5. Os grupos regionais das Nações Unidas dividem a União Europeia em dois. Entre os seus membros, onze Estados são do grupo da Europa de Leste. Quanto aos restantes dezassete, fazem parte do grupo da Europa Ocidental e outros. Ou seja, a União Europeia não é um bloco regional coerente nessa organização. A lógica que prevalece nas Nações Unidas amplifica as divisões europeias, as quais já tendem a surgir, mesmo sem isso, nas questões políticas mais importantes. Podemos argumentar que a existência de um bloco regional da Europa de Leste é um anacronismo da Guerra-Fria. É verdade. A sua explicação histórica remete para a antiga União Soviética e os seus aliados do Pacto de Varsóvia. Mas também é um anacronismo um Conselho de Segurança baseado num directório de potências vencedoras da II Guerra Mundial (EUA, Rússia, China, Reino Unido e França), com um lugar permanente e direito de veto inscritos na Carta. E é um anacronismo ainda maior que potências médias e em trajectória global de declínio, como o Reino Unido e a França, mantenham um estatuto como se estivéssemos em 1945. Mas estas questões estão ligadas. Só serão ultrapassáveis num processo de reforma das Nações Unidas, algo que até agora se tem mostrado impossível.

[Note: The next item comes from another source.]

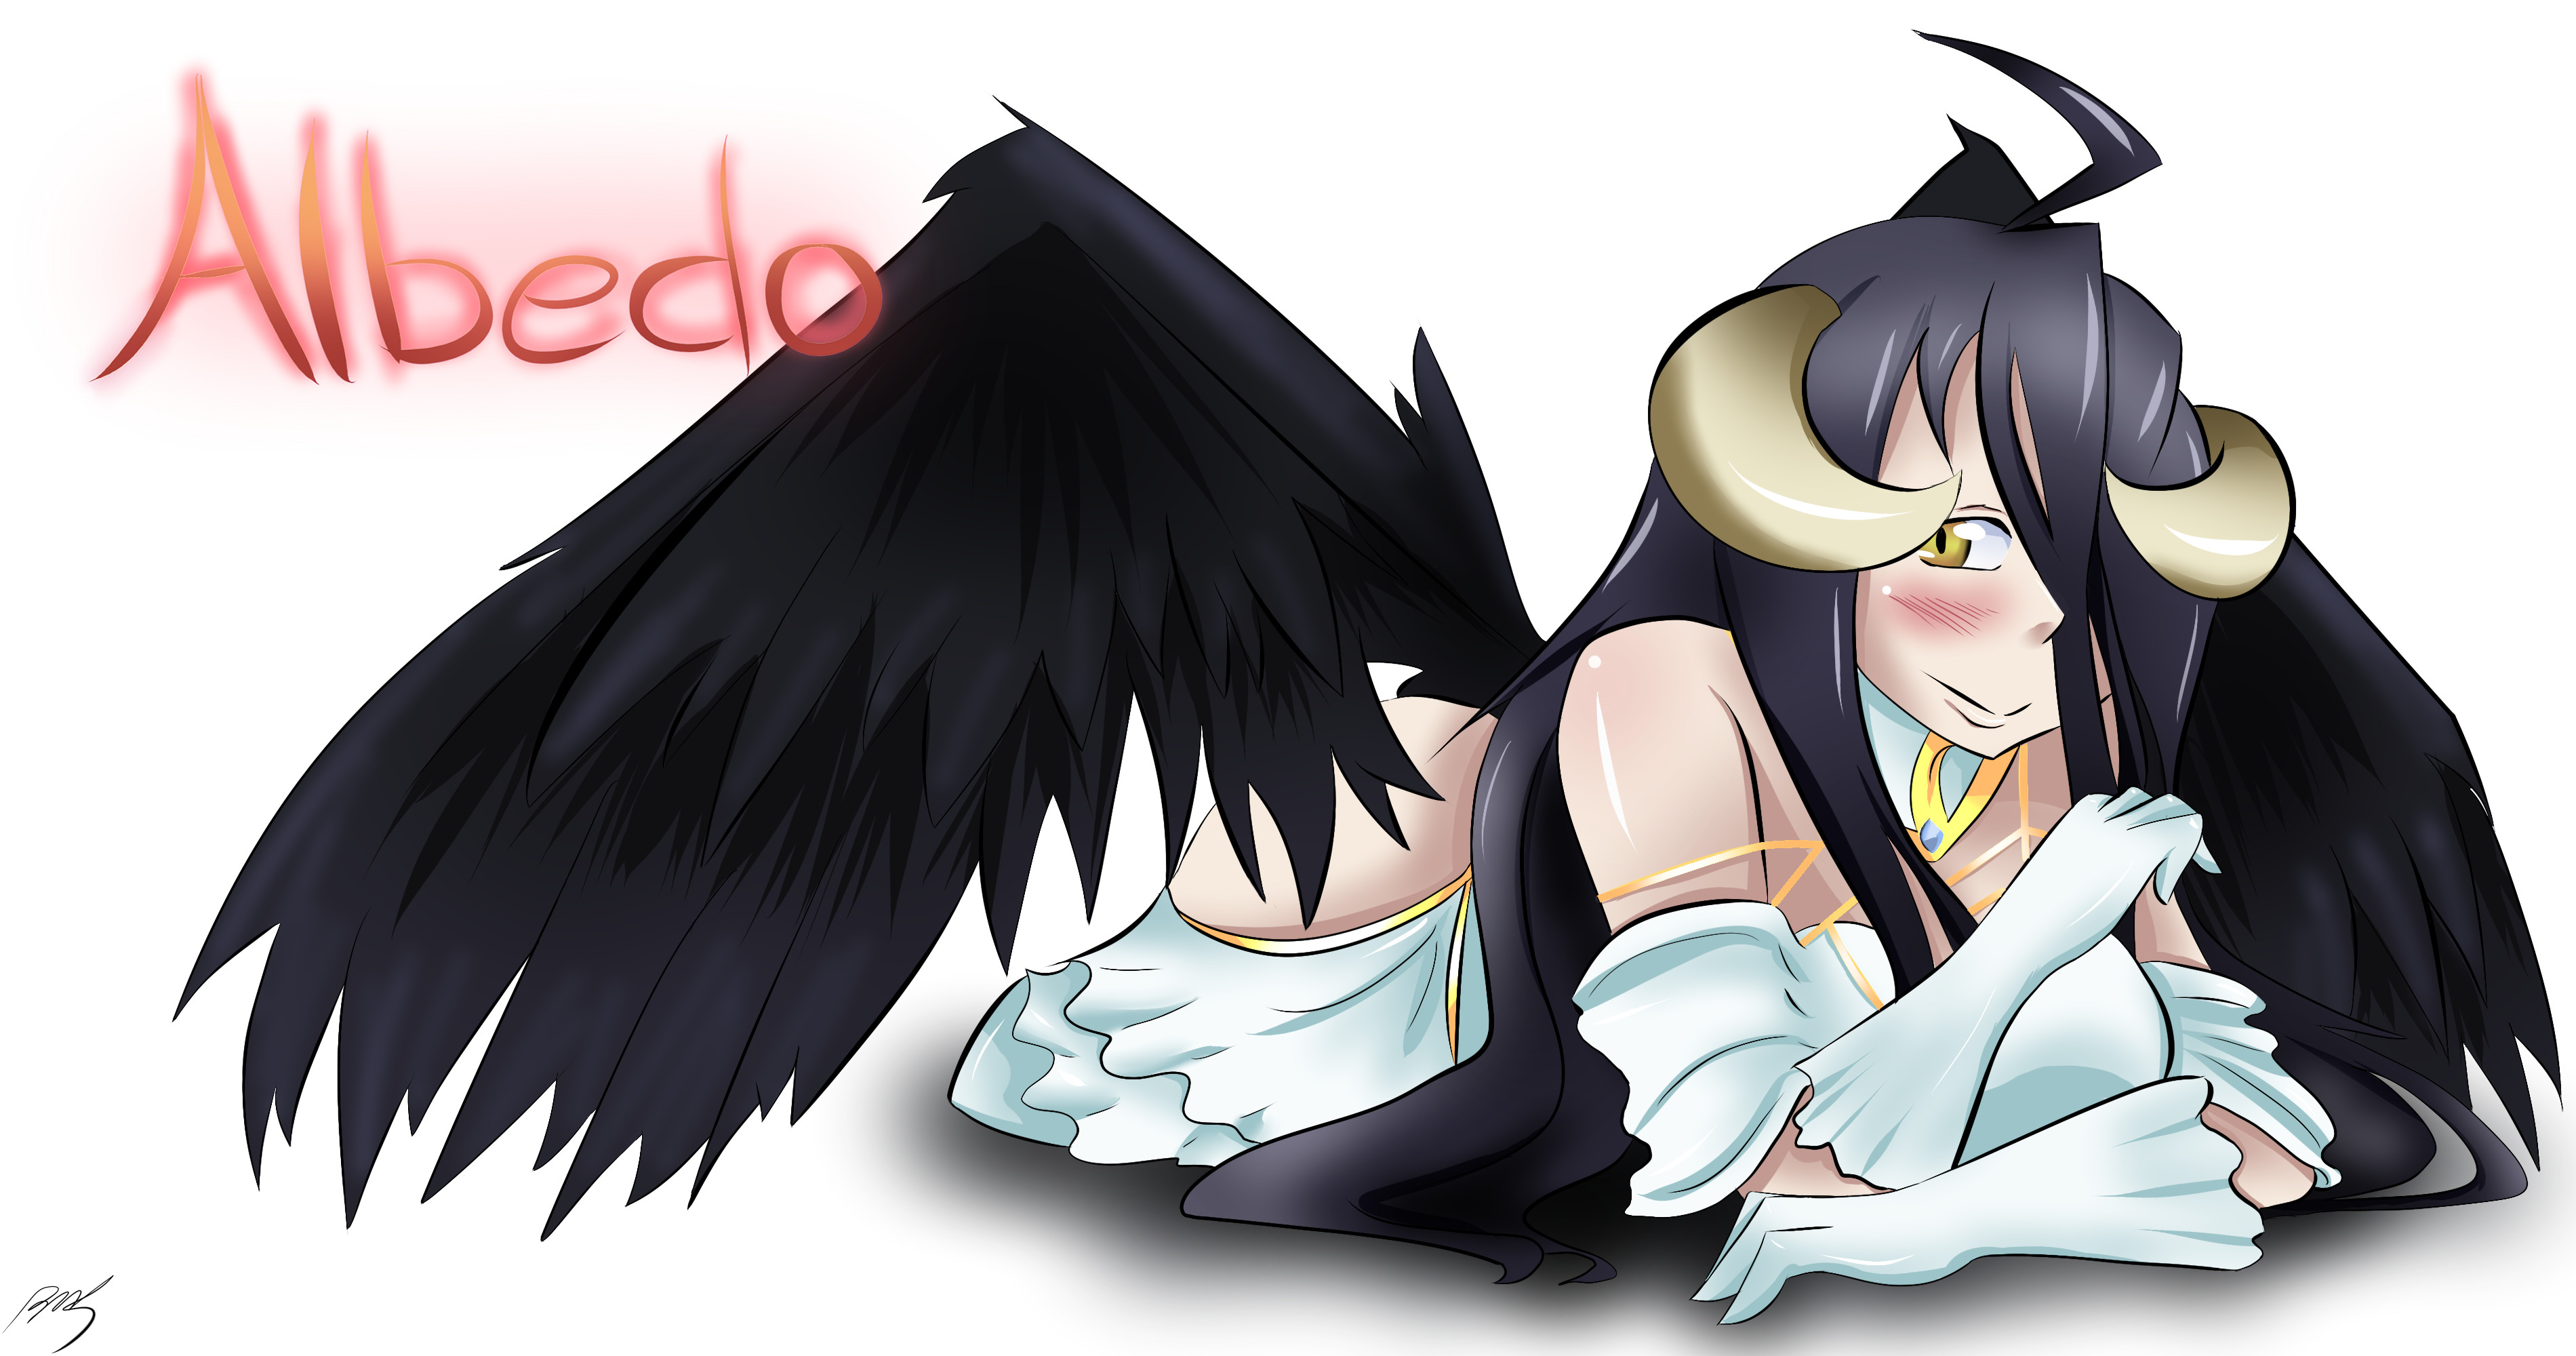 3800x2000 Overlord: Albedo by PaintedHooves Overlord: Albedo by PaintedHooves

6. Apesar das claras vitórias de António Guterres nas votações até agora efectuadas, são apenas uma fase preliminar de um processo de escolha. A fase decisiva vai decorrer a seguir, durante o mês de Outubro, podendo eventualmente prologar-se até ao final do ano. Nas votações, os membros permanentes poderão exercer o seu direito de veto. Em última instância, o poder da escolha do novo Secretário-Geral das Nações Unidas não está nos membros permanentes europeus do Conselho de Segurança — Reino Unido e França. Também não está na Alemanha e na sua chanceler, Angela Merkel que, não sendo membro permanente, tem o peso que se conhece na União Europeia e internacional. A escolha, em última instância, será feita por uma negociação entre as grandes potências mundiais (EUA, Rússia e China), especialmente EUA e Rússia. Os EUA porque são a maior potência com interesses globais. A Rússia porque sendo o principal Estado do grupo regional da Europa de Leste (que abrange mais de duas dezenas de Estados), sente-se com um direito natural a ter a última palavra na escolha. Considere-se, ou não, arcaica, a lógica instituída nas Nações Unidas é a da rotatividade dos cargos pelos diferentes grupos regionais, o que dá, também, um sentimento de legitimidade às pretensões russas.

7. Tanto quanto é possível saber nesta altura, António Guterres não é o candidato preferencial de nenhumas das grandes potências. Todas parecem entusiasmadas com a igualdade de género. A Rússia preferia Irina Bokova (da Bulgária); os EUA Susanna Malcora (da Argentina); a China terá preferência por Helen Clark (da Nova Zelândia). Quanto a António Guterres, o seu passado pró-atlantista (como Primeiro-Ministro); e pró-causas humanitárias e em defesa dos direitos humanos (como Alto Comissário das Nações Unidas para os Refugiados), no mínimo não entusiasma a Rússia, nem a China. No pior dos cenários, pode valer-lhe o veto quando a escolha entrar na fase decisiva. Assim, só no caso de haver fortes concessões à Rússia — mas também a outras grandes potências nos seus interesses primordiais — em questões como a guerra da Síria ou as sanções económicas devido à anexação da Crimeia, António Guterres terá o caminho aberto. Por outras palavras, independentemente dos seus méritos políticos, da sua genuína preocupação com valores humanistas e do perfil adequado para o cargo, só terá hipóteses reais de ser eleito pelas más razões da realpolitik. Se isso ocorrer será irónico ver um candidato que assenta a sua campanha em valores ocupar o cargo devido a jogos de bastidores obscuros e a negociações maquiavélicas.